Jazz is a single monolithic process that runs multithreaded. This mandatory guide is the specification on how that is implemented.
There is only one process, the server. No actor model is implemented at process level.
Jazz does not use fibers since fibers would not solve the fundamental problem, exploiting the 64 cores in a CPU at the minimum cost in terms of cache misses, etc. The mix of threads and fibers would be even worse. We need threads and cannot replace them by anything else.
Threads are created in a pool by libmicrohttpd and each API call runs in a thread. The only mechanism to “parallelize” computation to more threads is starting more API calls. Anyway as complexity grows (from elements to bop to agents) this scaling happens automatically.
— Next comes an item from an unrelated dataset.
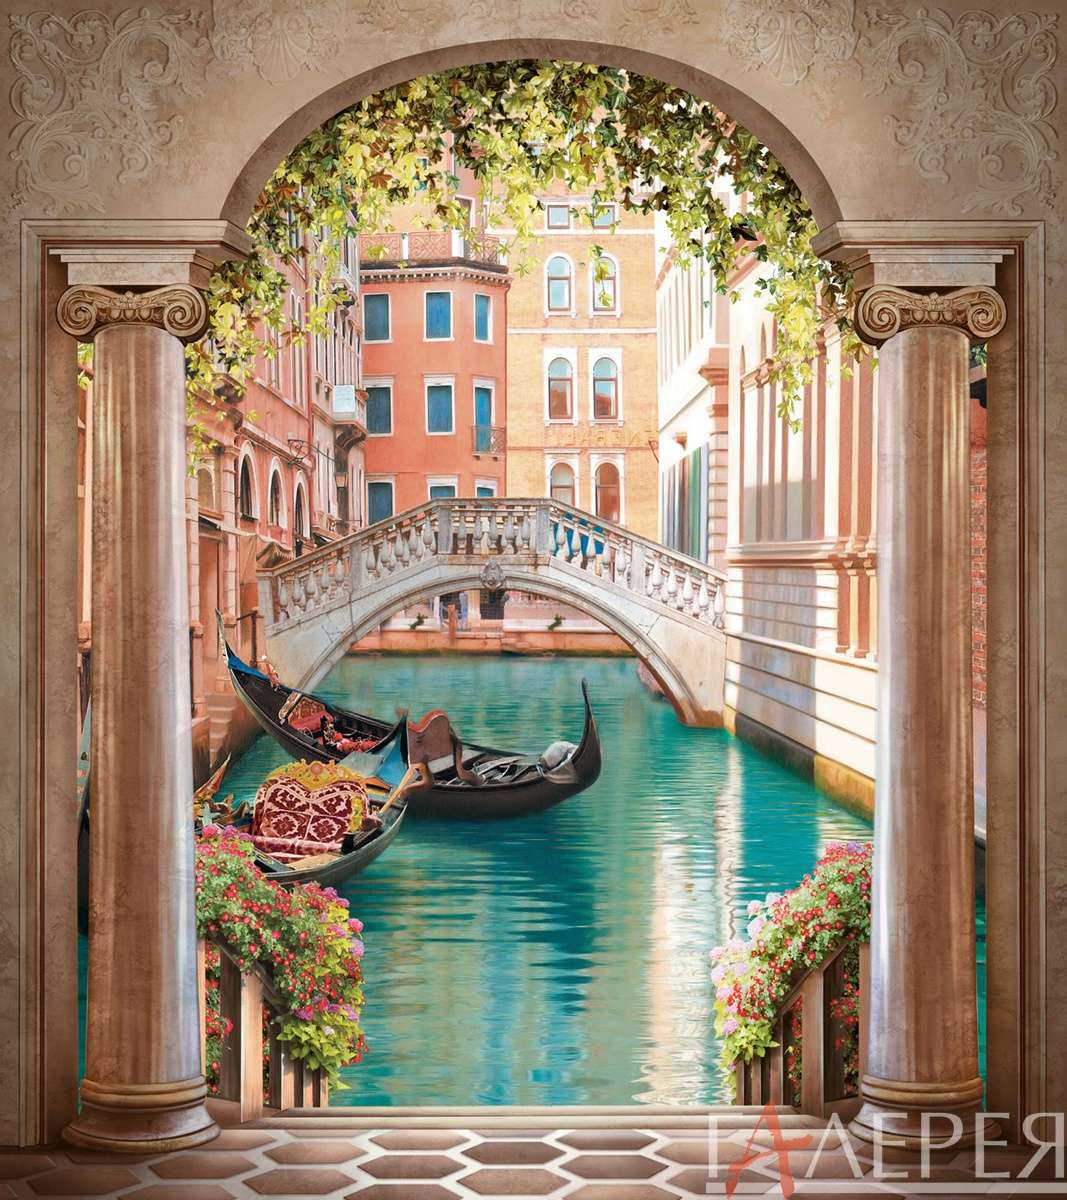 Города, Италия, архитектура, здания, лодка, окна, вода, мост, арка, цветы, колоны
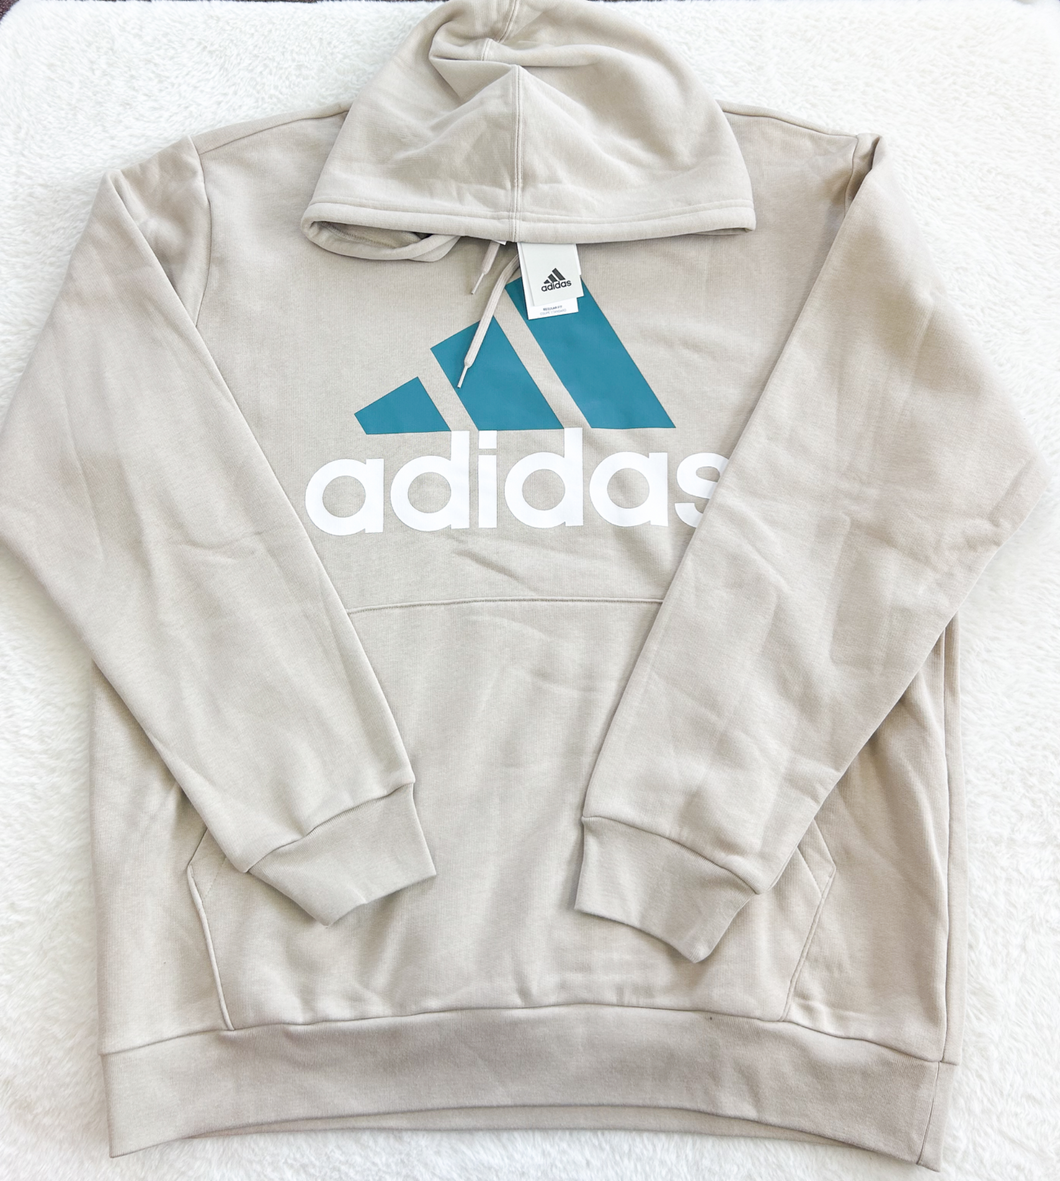 Adidas Sweatshirt Size Extra Large P0469

Jazz is not prioritizing being a “backend tensor workhorse” anymore and does not provide mechanisms to multithread a single backend computation.
Is implemented at thread level.
It is almost canonical, the only exception is how some things are possibly shared (see shared resources below).
And, therefore, the only place where thread control happens … are the Container objects. And this is done using only two mechanisms
Otherwise, nothing is shared between actors outside a Container.
By physical safety, we mean avoiding catastrophic interactions (including but not limited to, crashes, locking, data corruption). This is avoided by the logic in the Container objects. Anything possibly compromising this physical safety is a bug.
This is about racing conditions in reading, writing or deleting shared resources.
For agents implementing higher level algorithms, this may be crucial and require some higher level access logic to be implemented.
It is not a “Jazz-level” decision to do so. Platform-wise Jazz actors will just use shared resources regardless of any other actors. It’s the Jungle!
This will be prevented when the resources are not really shared because their names include unique handles known by their owners and nobody “spies” at this stage to create problems. These “owners” will have some housekeeping logic to do to prevent wasting resources.
This part will surely change in the future moving towards ironclad security.